About Health Diagnostics
The diseases that comes to human body usually just becomes a scary ghost for every people. Every people just want to stay healthy, and they have to struggle and arrange their life to keep healthy and stay away from any diseases.
When people get sick even tired, they usually go to a doctor or hospital to check their status of health. Usually, the doctor give some diagnostics to knowing the disease that the patient suffer. It is sounds so easy, but did you know that there are some rare genetic diseases that very hard to diagnose? The latest diagnostics takes months, even years to know the diseases that comes up with title rare genetic diseases. Of course, this is becomes a big problem for people who scared with those diseases.
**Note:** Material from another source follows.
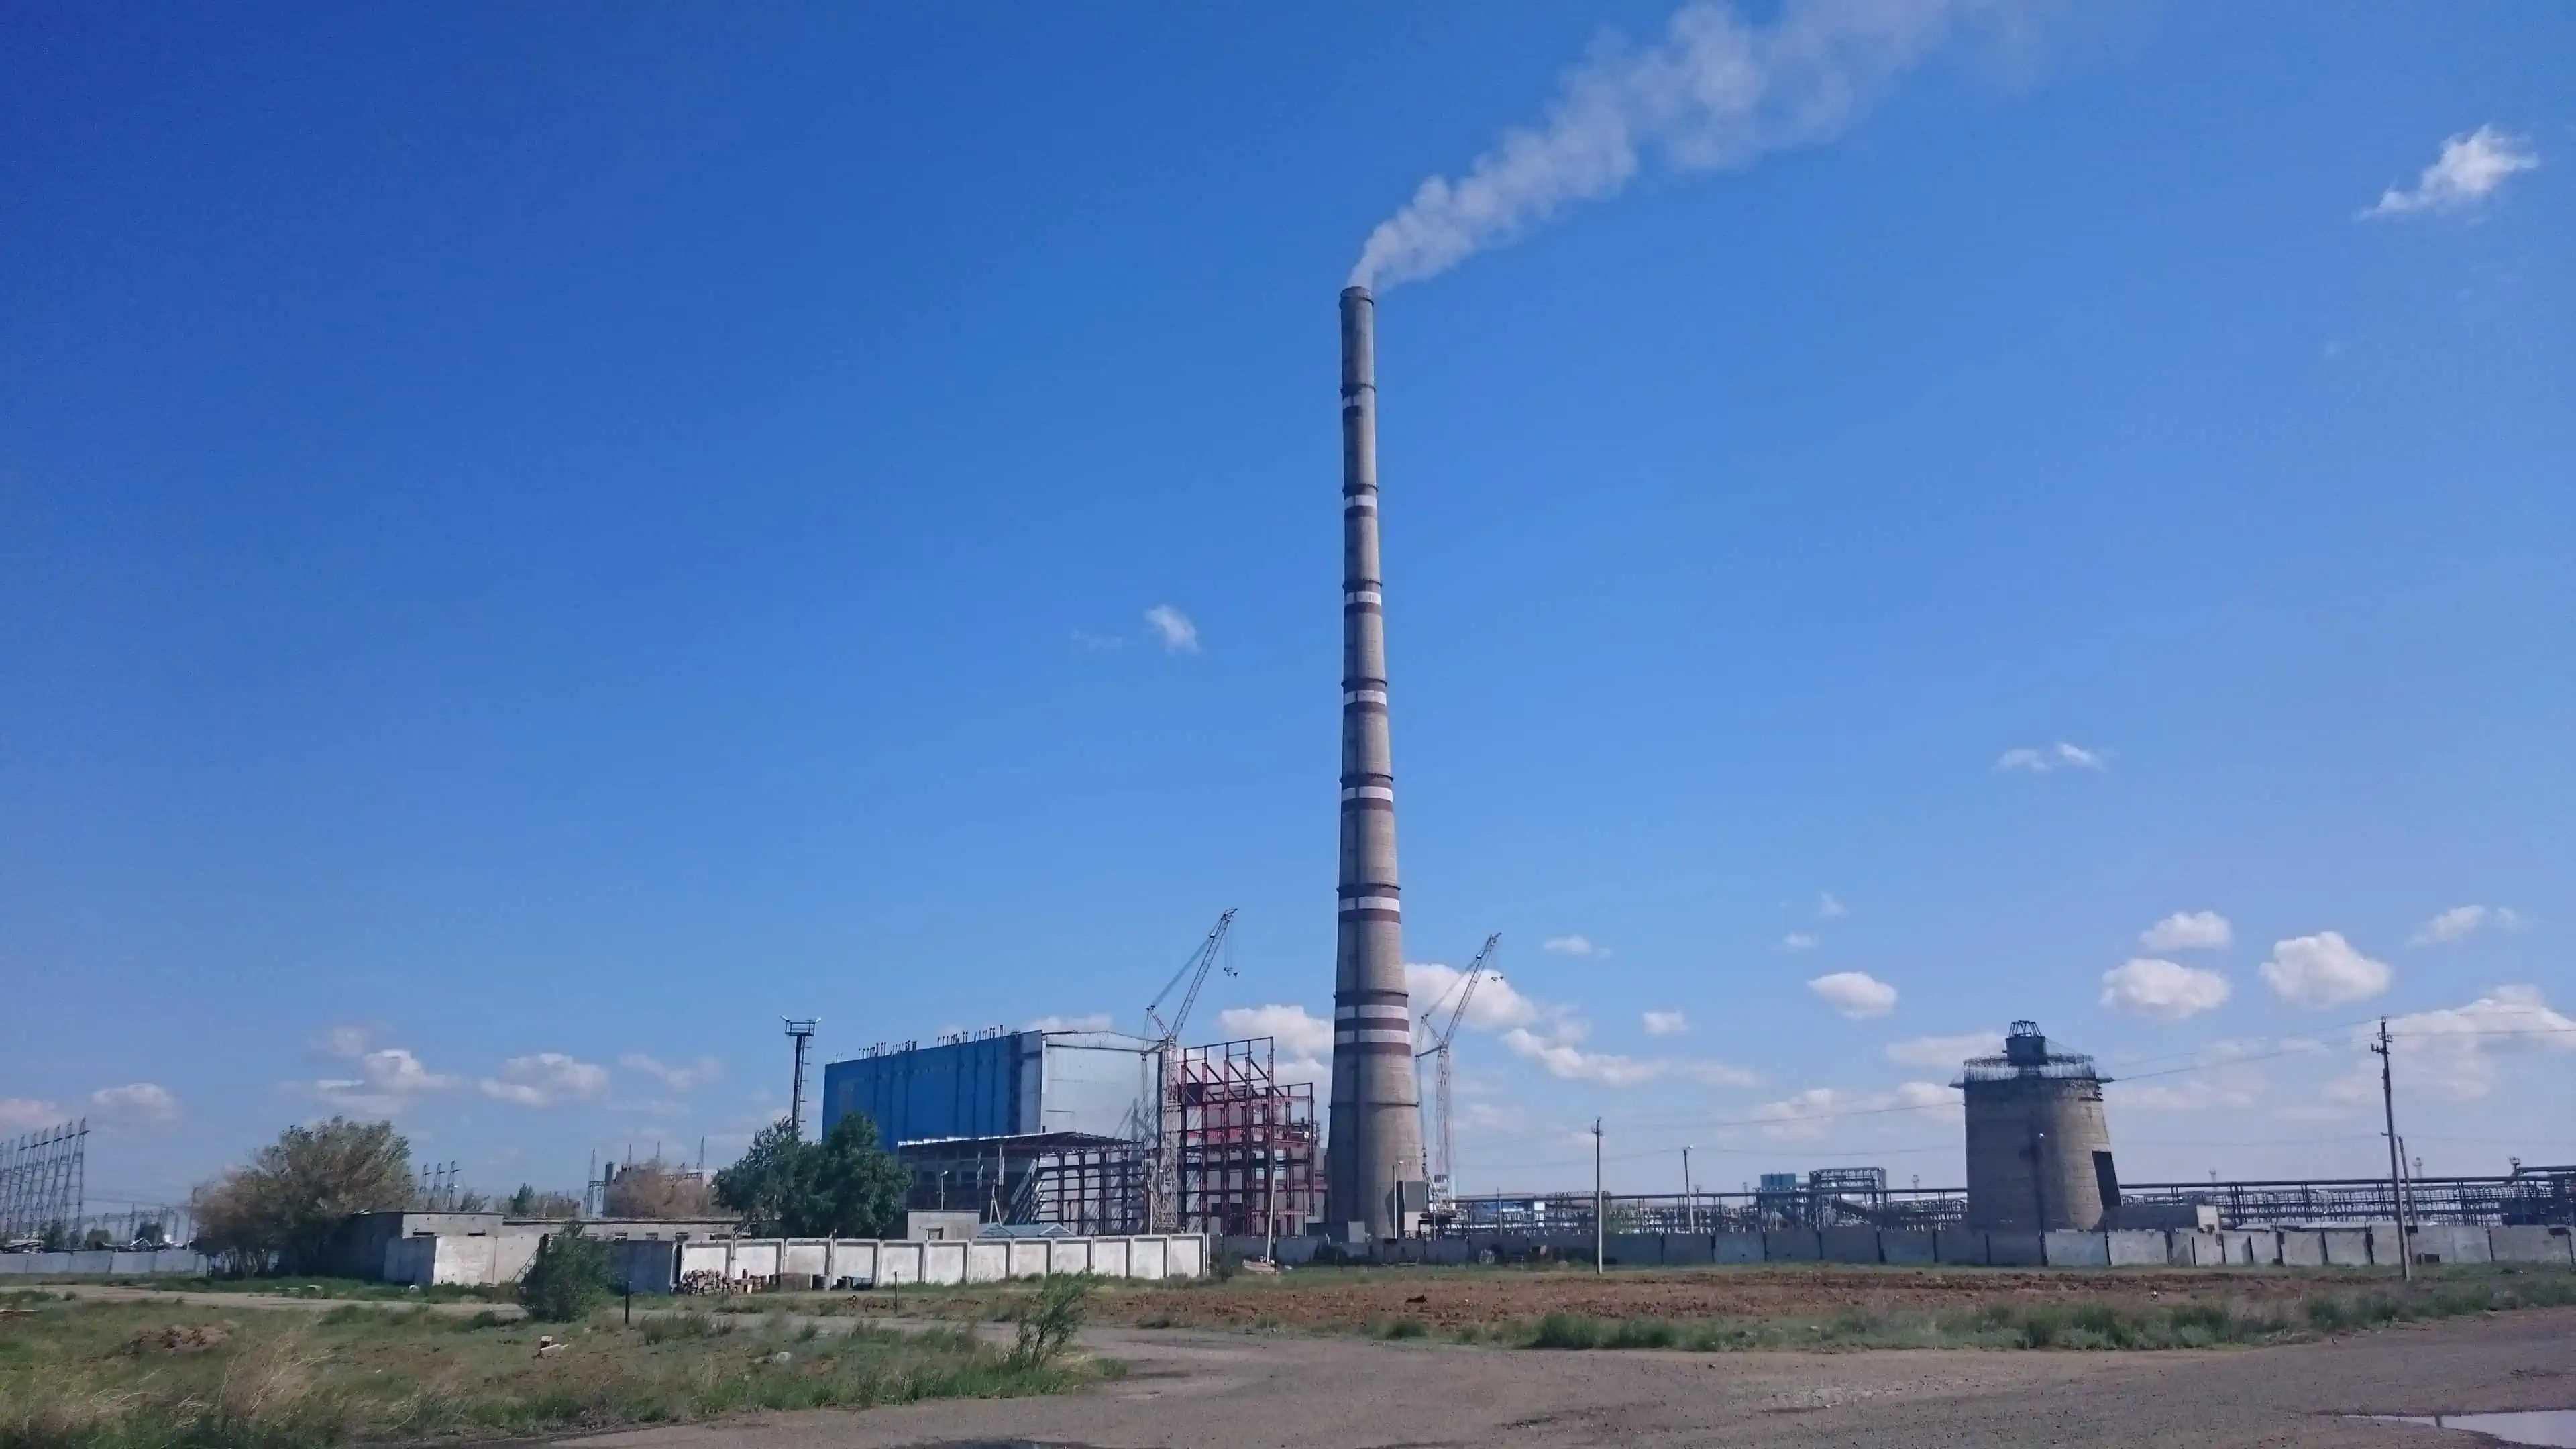 gres 2 power station ekibastuz kazakhstan tallest chimney in the world
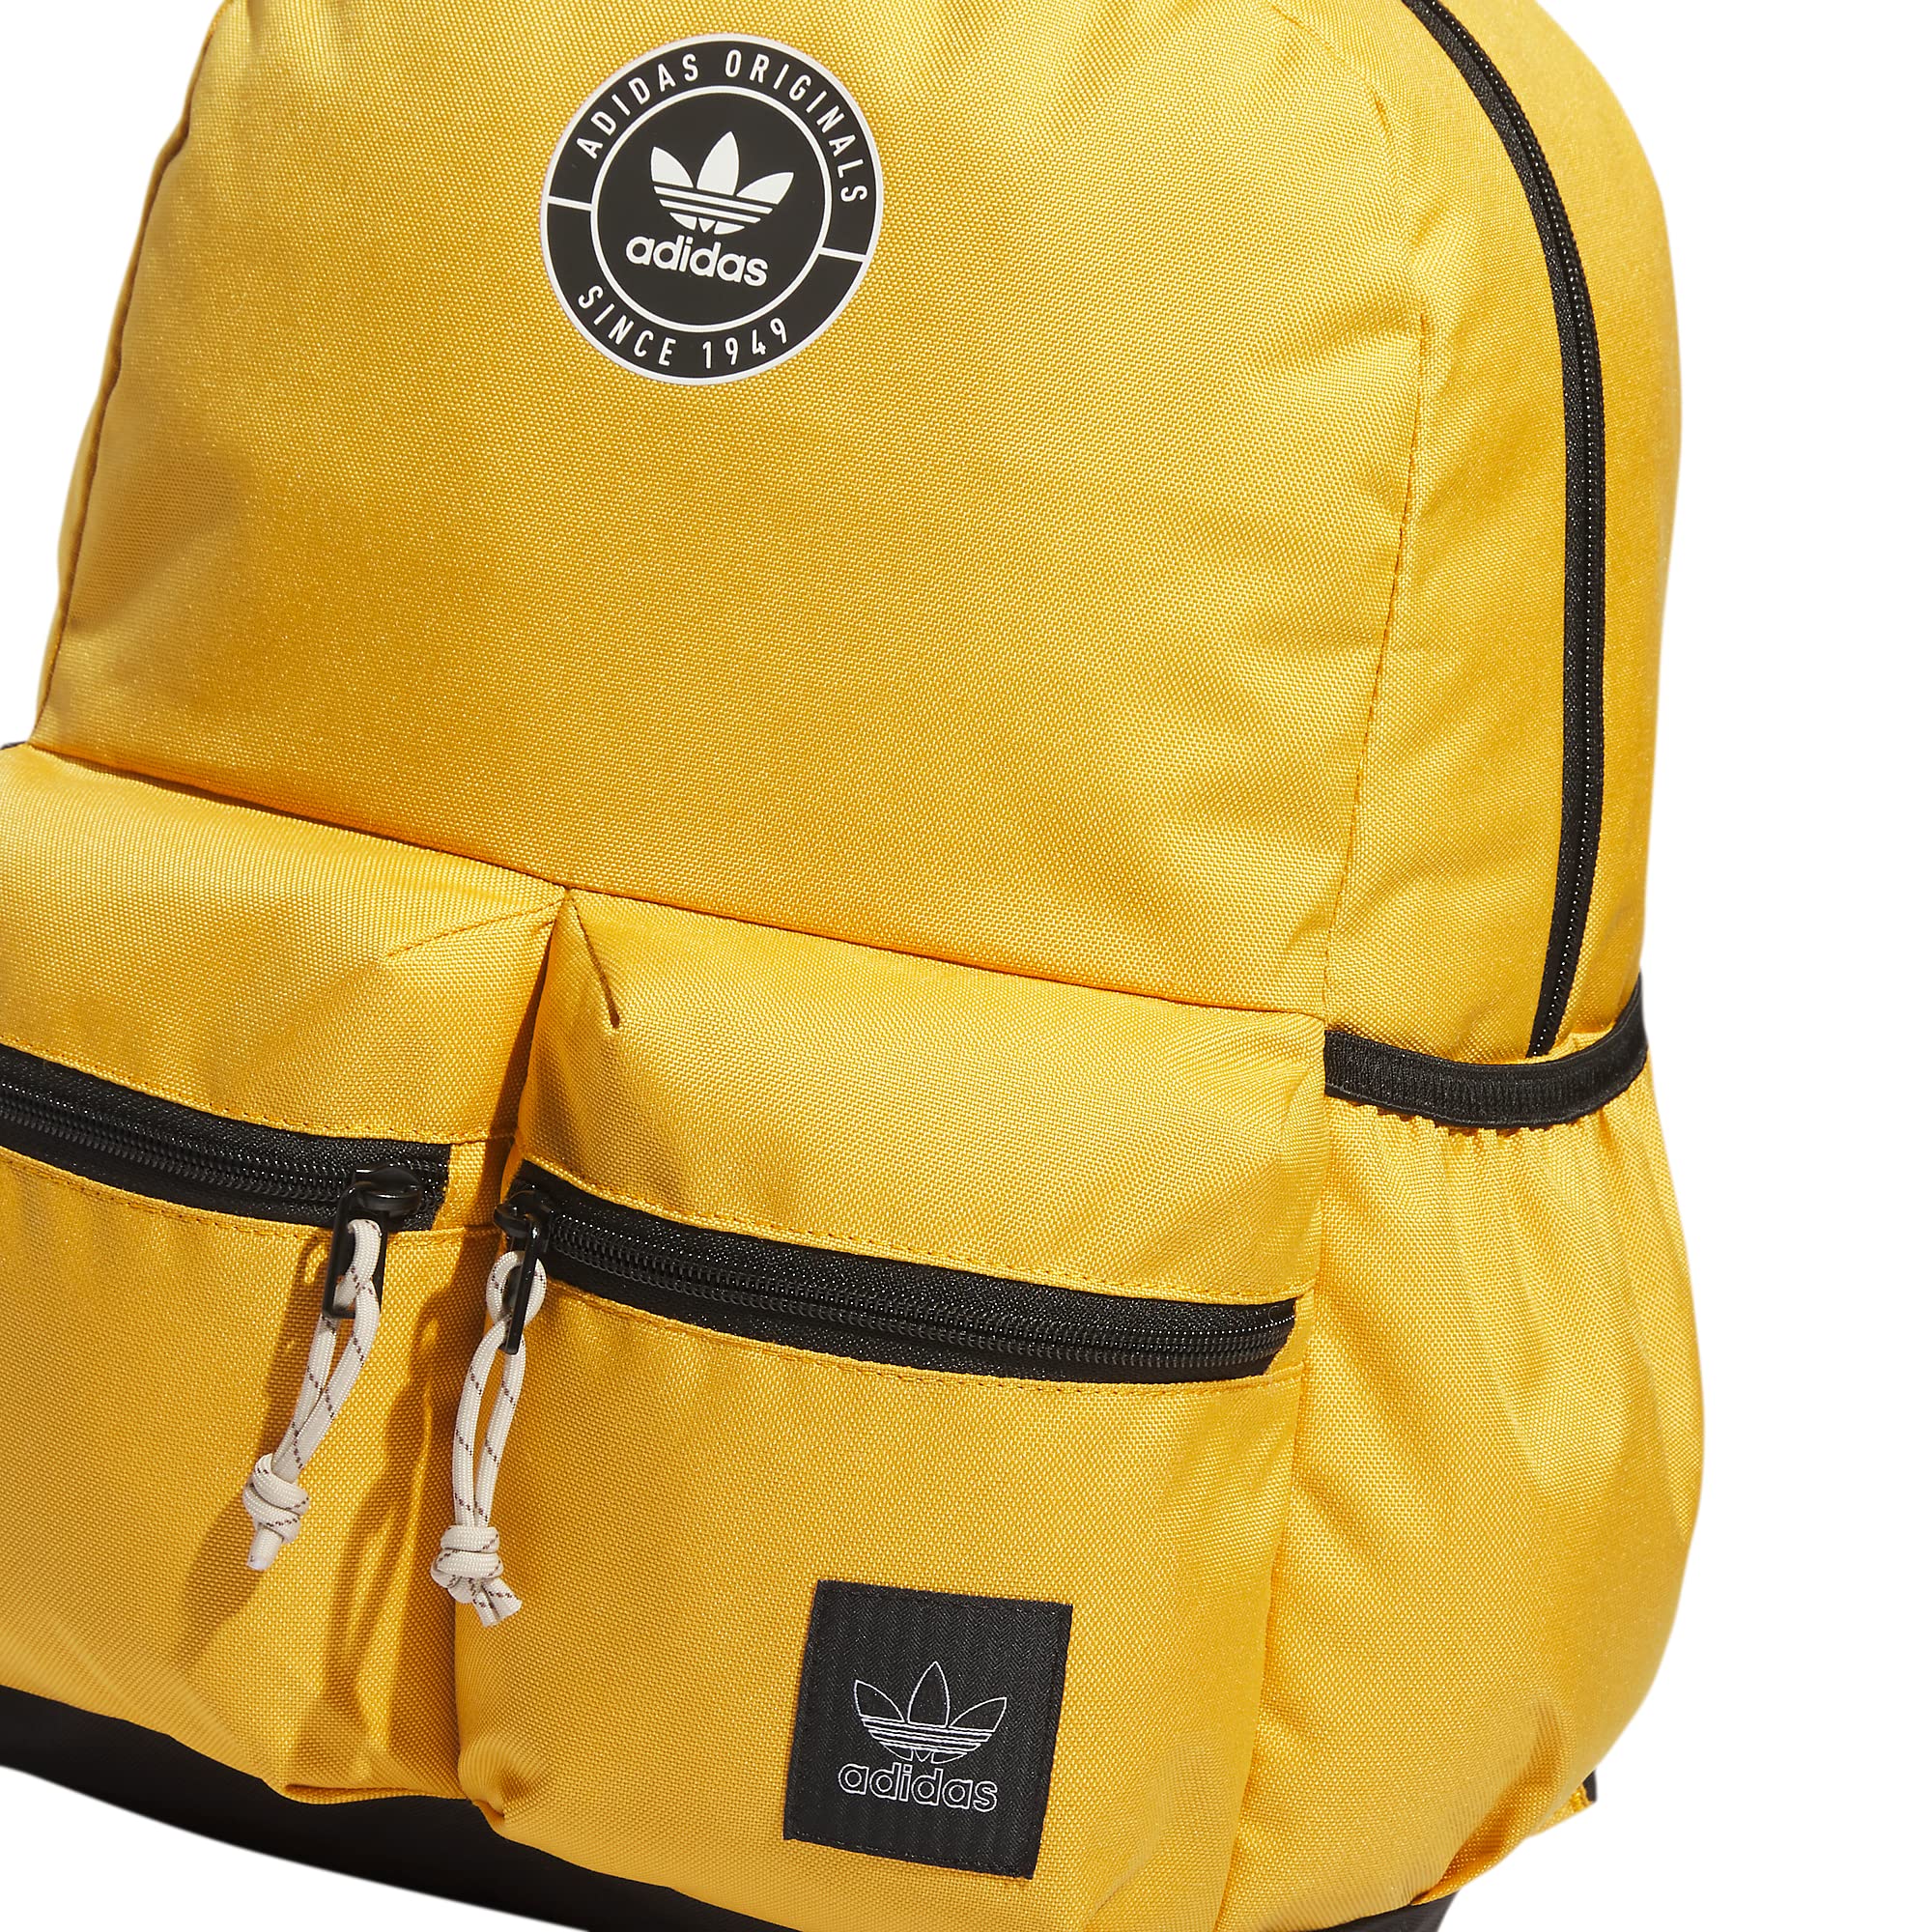 adidas Originals Trefoil 3.0 Backpack, Preloved Yellow/Wonder Beige/Black, One Size

Nowadays, many researchers from the University of Washington found the way to speed up the process, so it will not takes months or years again to the lastest diagnostics. The researchers team suggested to examine the 2% of the whole portions of the disease. And it means, about examining the exome, or the portion of the genome containing our 20.000 to 25.000 protein coding genes. But, it not means that the latest diagnostics will going perfectly. It may contains of errors that called as Miller Syndrome. It also needs to prove the theory by locating in the exome the gene for that rare diseases. By this facts, it means that the researchers and scientists still need to find the other rare genetic mutation quickly and cheaper than before.